LACED-Rio de Janeiro-RJ
Autor: ANTONIO CARLOS DE SOUZA LIMA
02 de Set de 2003
MÉRCIO GOMES - ANTROPÓLOGO E PRESIDENTE DO PPS
Os confrontos internos, mas realizados em forma de debates em público e de propósito, que ameaçam afogar o partido que venceu as eleições presidenciais carecem de um sentimento que lhe está ausente desde sua fundação: o grave senso da realidade. Por não ter este sentimento, que não significa propriamente a conservação das coisas tal como elas estão, as disputas entre os chamados conservadores e radicais tornam-se sem objetivo superior e sem possibilidade de acordo. Ao final, ganhará a batalha quem fizer o outro calar. Nada será agregado, a não ser mágoa e desgaste.
O que se entende por "o grave senso da realidade"? À primeira vista, realidade parece ser aquilo que se opõe a não-realidade, isto é, a ilusão. Assim, esta frase seria proferida por aqueles que não acreditam que algo diferente possa existir do que aquilo que está presente. Talvez nem acreditem na possibilidade de mudanças. Tais pessoas gostam de repetir o ditado francês que traduzido fica: "quanto mais se muda mais permanece o mesmo". Desse modo fica subentendido que o que está feito é o que é a realidade. Pode-se também entender realidade no sentido dado por Freud ao que chamou de "princípio da realidade". Nesse caso também o resultado seria um sentimento de que existe uma força maior do que a força do desejo, uma força acumulada de anos de existência que puxa o sujeito para baixo e não o deixa ir além de suas pernas - se não quiser se estrompar. De um ponto de vista político alguém poderia rapidamente aduzir que esta frase representa o sentimento de conservadorismo, de preservação do status quo. Porém, a frase política verdadeiramente conservadora foi proferida anos atrás pelo presidente de Minas Gerais, Antonio Carlos, e ela fala no "grave senso da ordem". Não é difícil de entender que entre ordem e realidade há uma diferença qualitativa muito expressiva.
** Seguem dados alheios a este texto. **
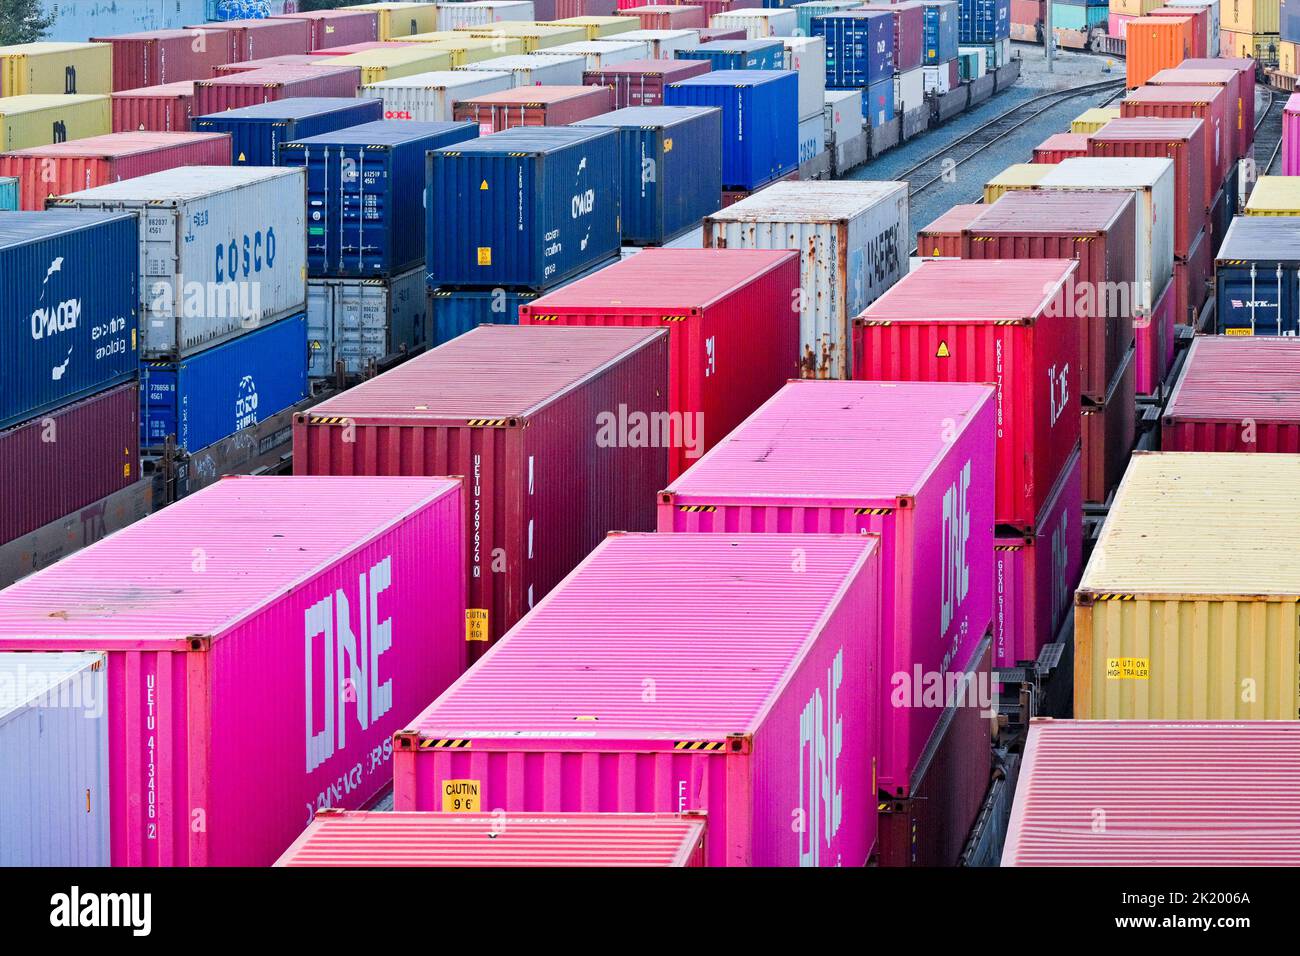 Shipping containers in railway freight yard, Vancouver, British Columbia, Canada Stock Photo
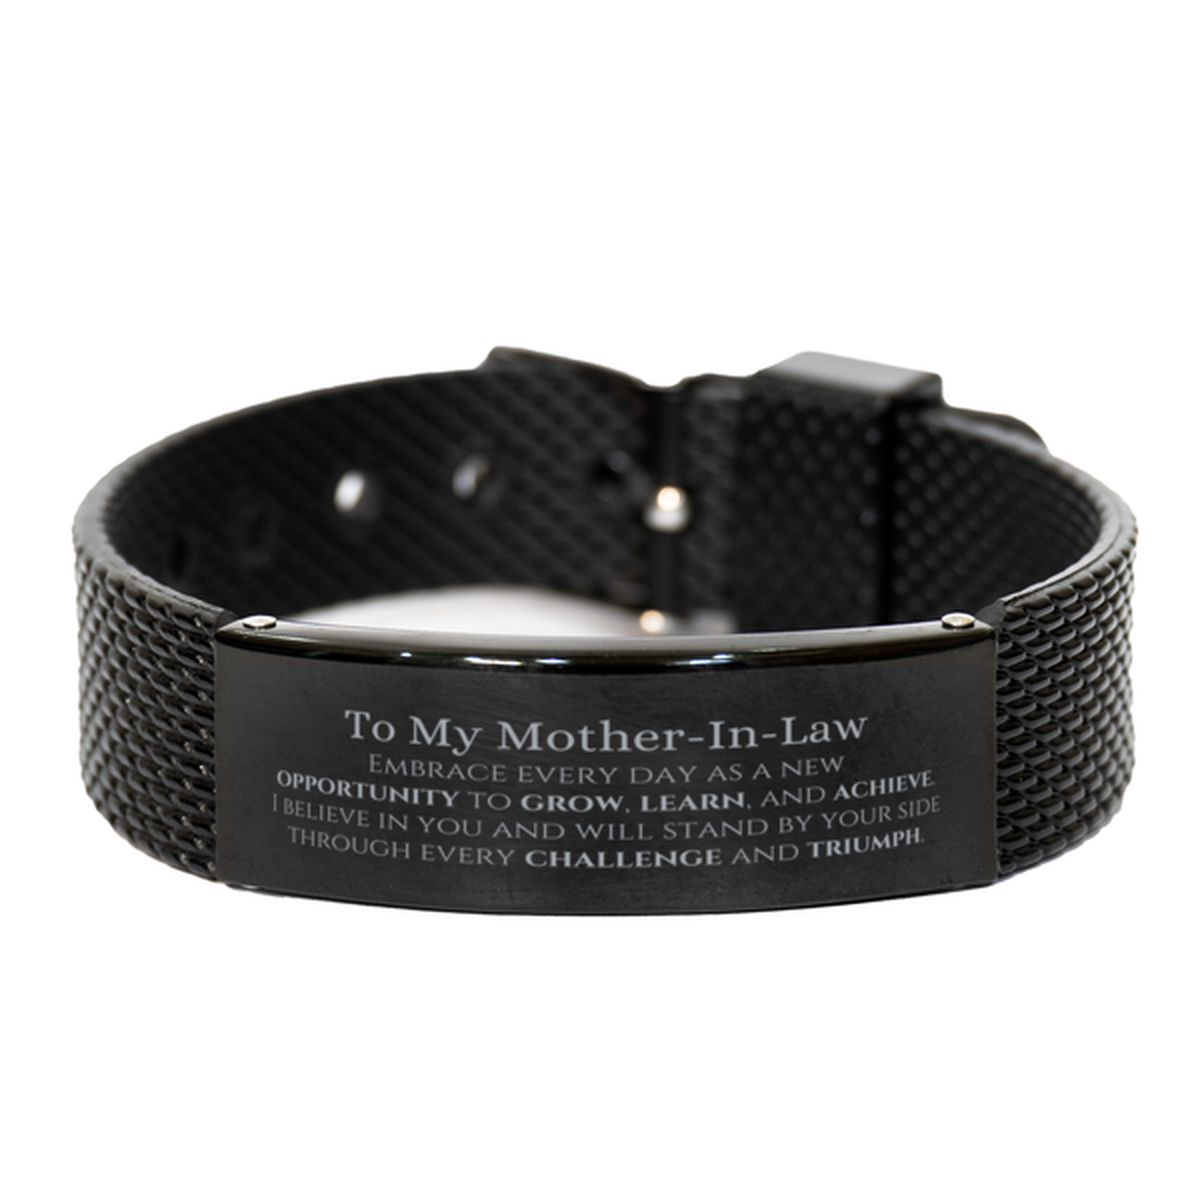 To My Mother-In-Law Gifts, I believe in you and will stand by your side, Inspirational Black Shark Mesh Bracelet For Mother-In-Law, Birthday Christmas Motivational Mother-In-Law Gifts

A primeira é verdadeiramente conservadora, a segunda almeja a compreensão do processo histórico. Eis porque precisamos entender melhor o que se pode aprender com o "grave senso da realidade".
Em primeiro lugar, realidade de que falamos é a realidade brasileira. Esta realidade existe como um processo que vem de cinco séculos. A compreensão que temos desse processo, que é o Brasil em formação, advém de um conjunto de idéias e teorias que vêm sendo propostas e discutidas desde pelo menos José Bonifácio, o patriarca da Independência. Há quase dois séculos discutimos o que é o Brasil, e creio que estamos chegando perto de alcançar um veredicto. Talvez daqui a mais cinqüenta anos.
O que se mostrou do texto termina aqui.